::: DATA SHOWN :::

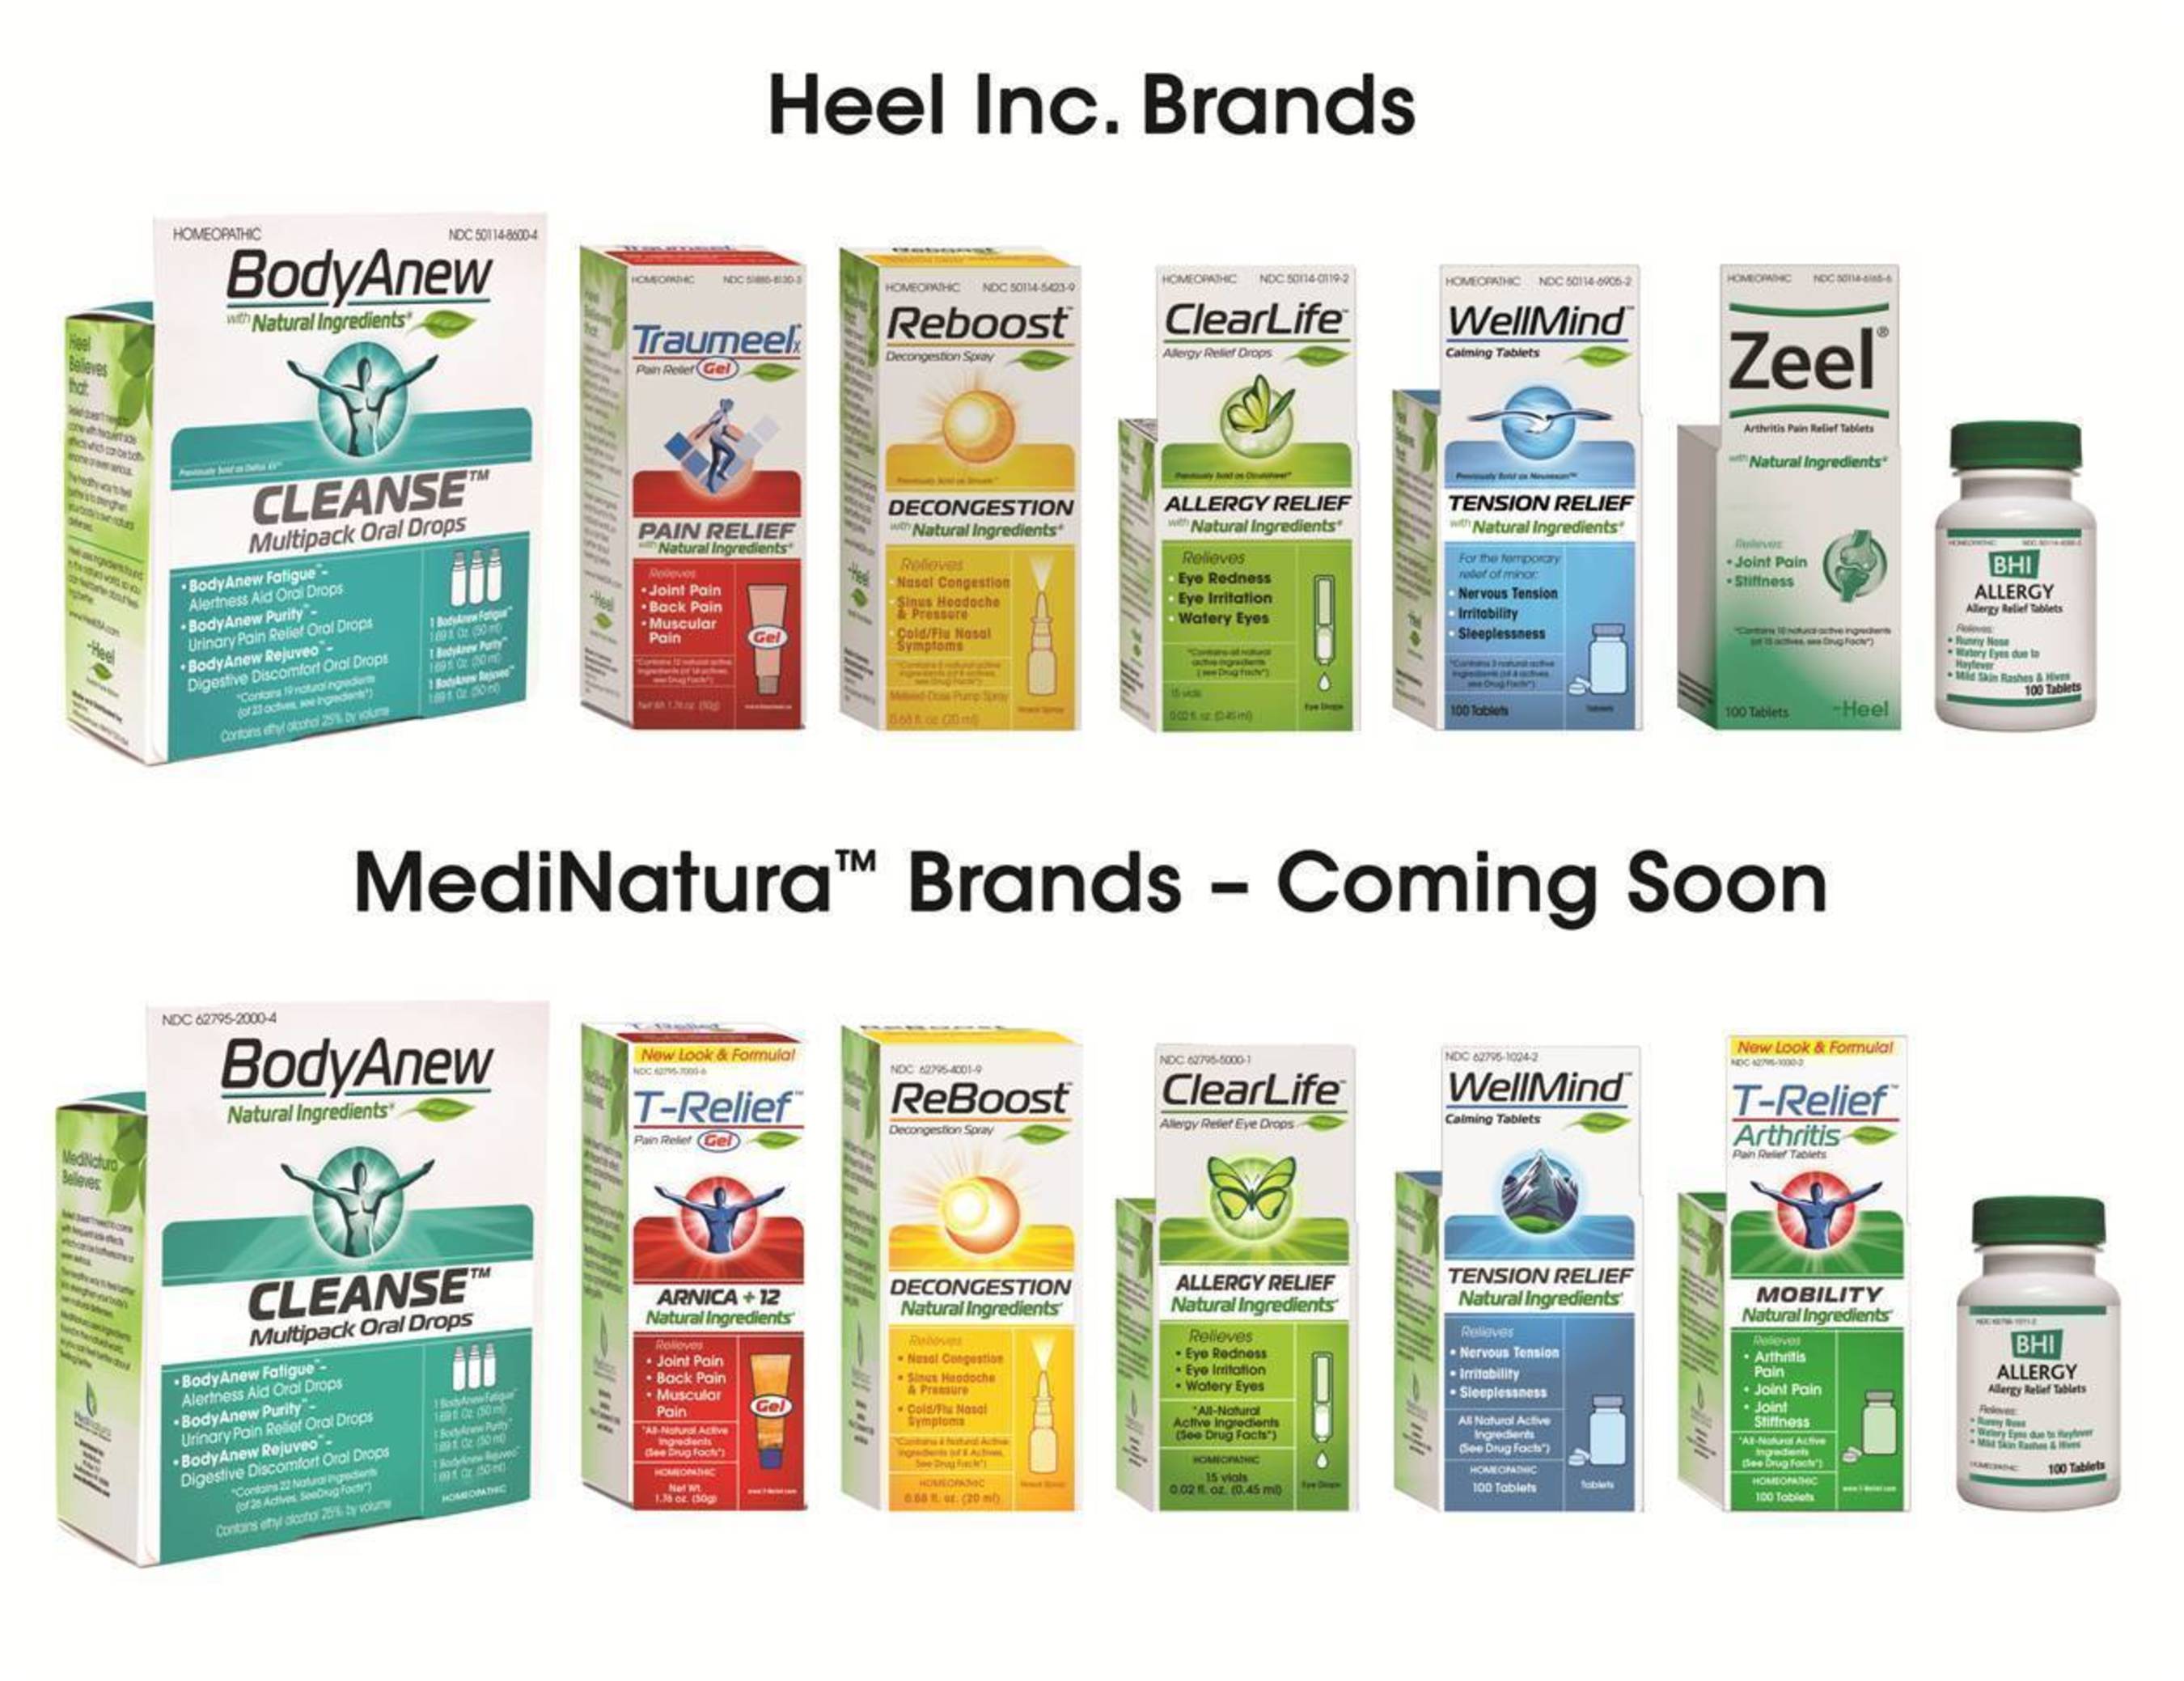 Comparison of Heel Inc. Brands and MediNatura Brands (Coming Soon) (PRNewsFoto/MediNatura Inc.)
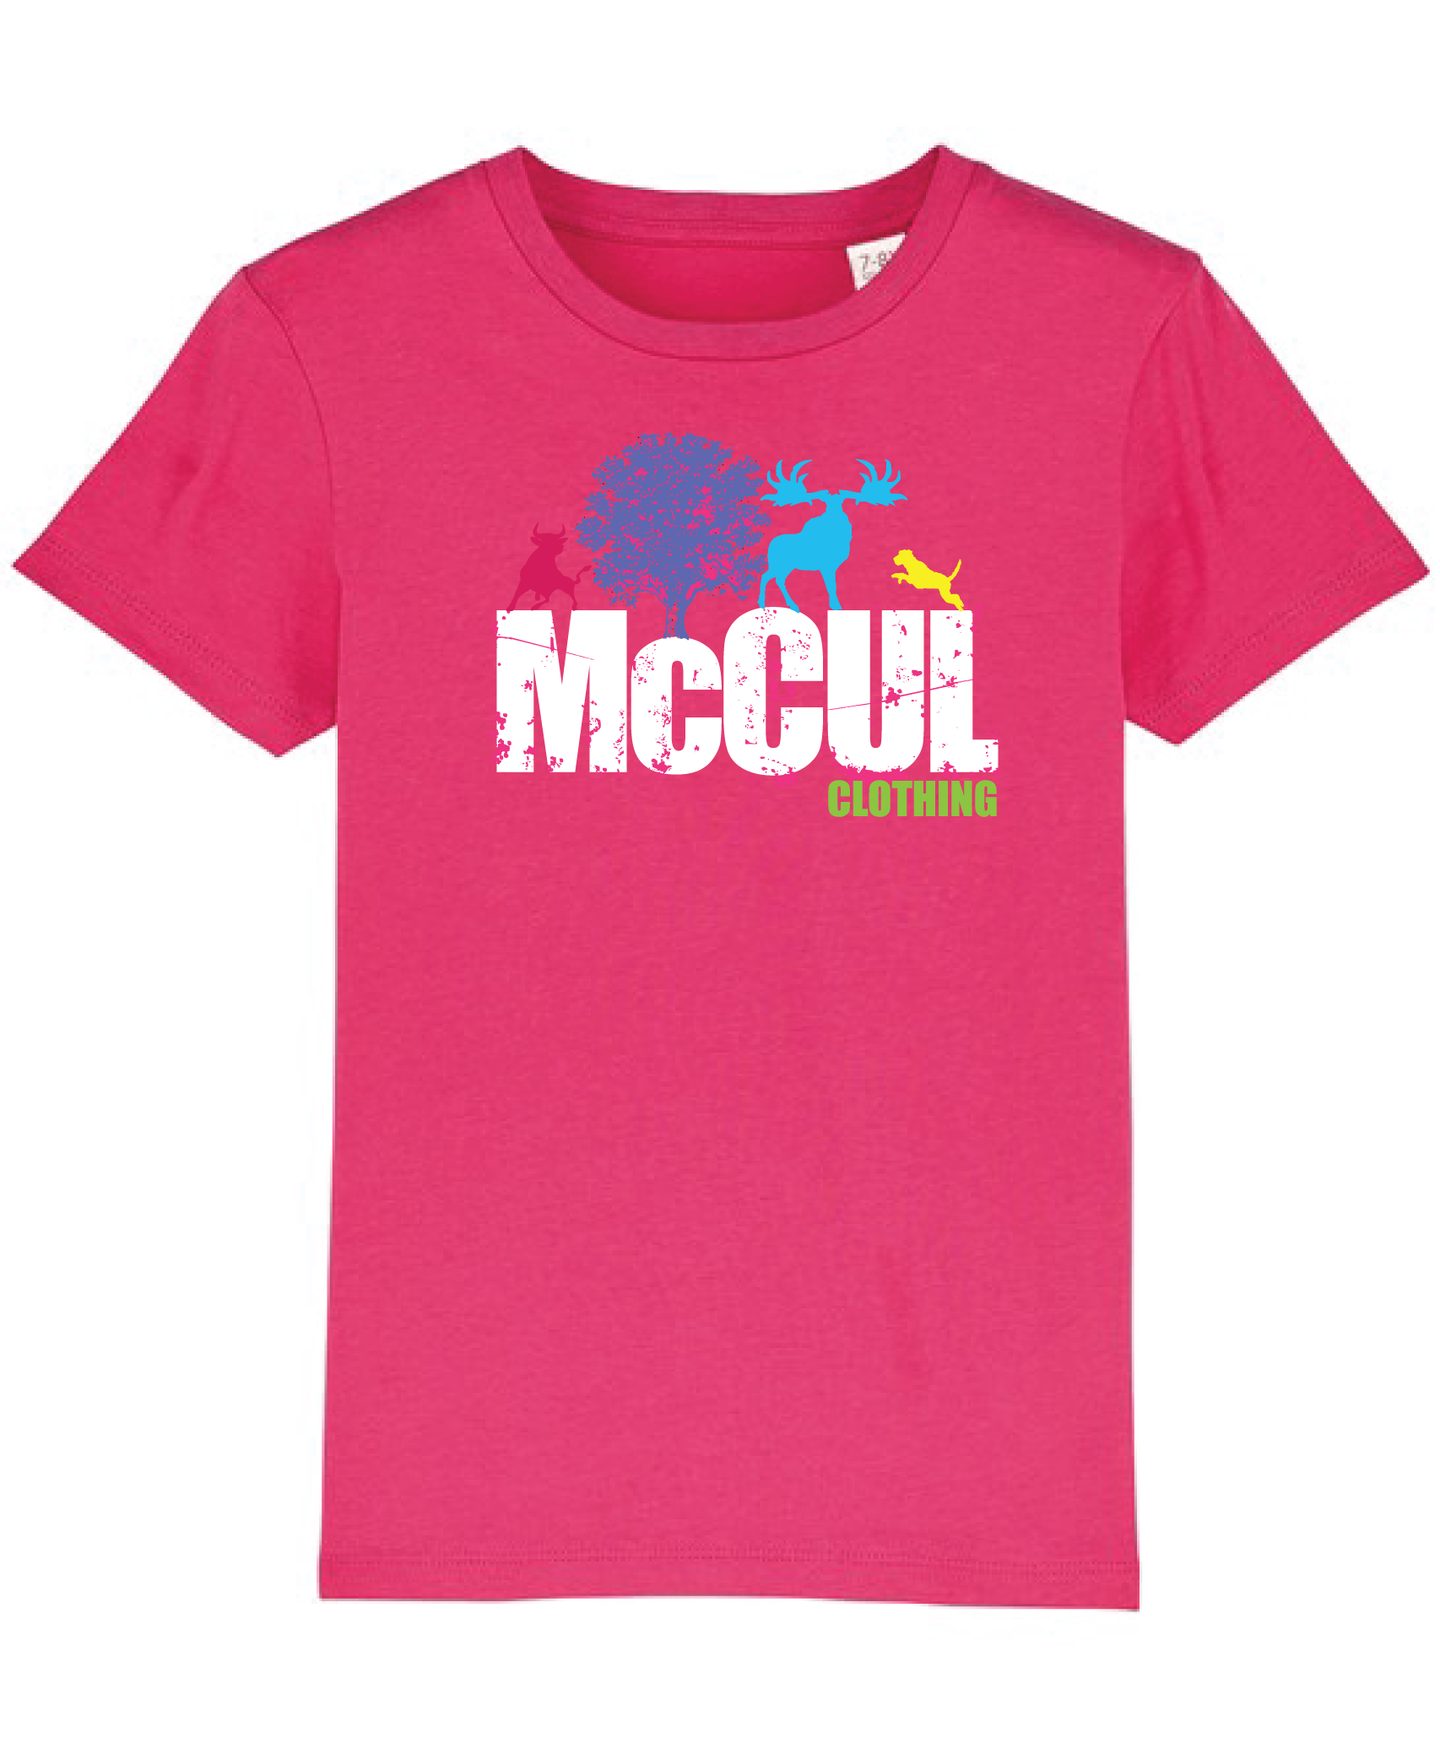 Girls New Raspberry Organic tee shirt with McCul print.
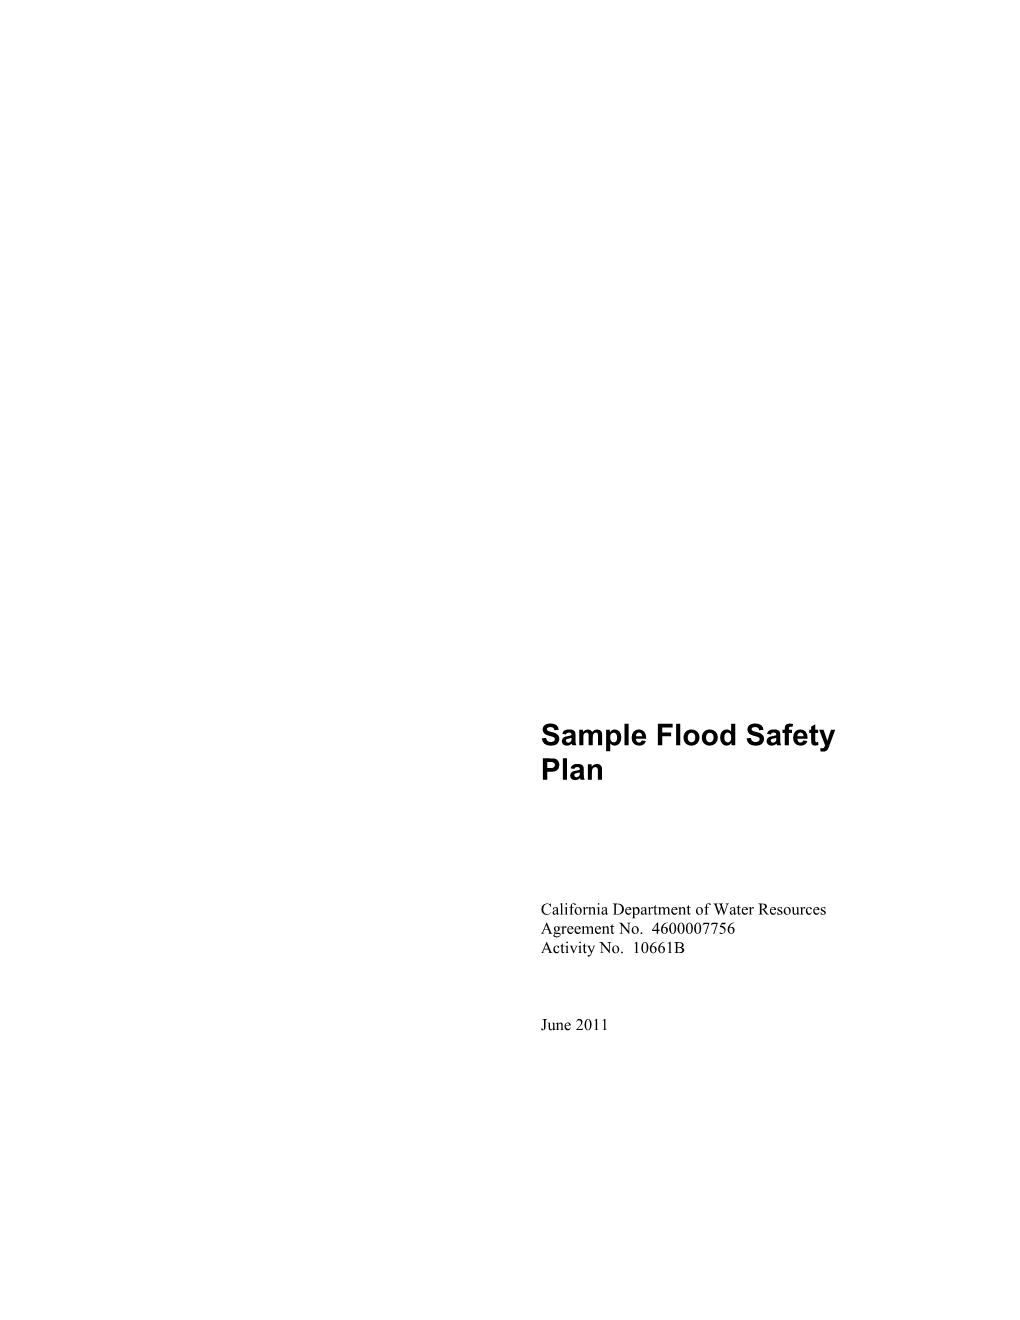 Sample Flood Safety Plan

:::

* TASK DIRECTIONS: Starting at the line that contains "Girls New Raspberry", restate each line verbatim through the final line of the listing, skipping all pictures.

* RESULT:
 Girls New Raspberry Organic tee shirt with McCul print.
 Sample Flood Safety Plan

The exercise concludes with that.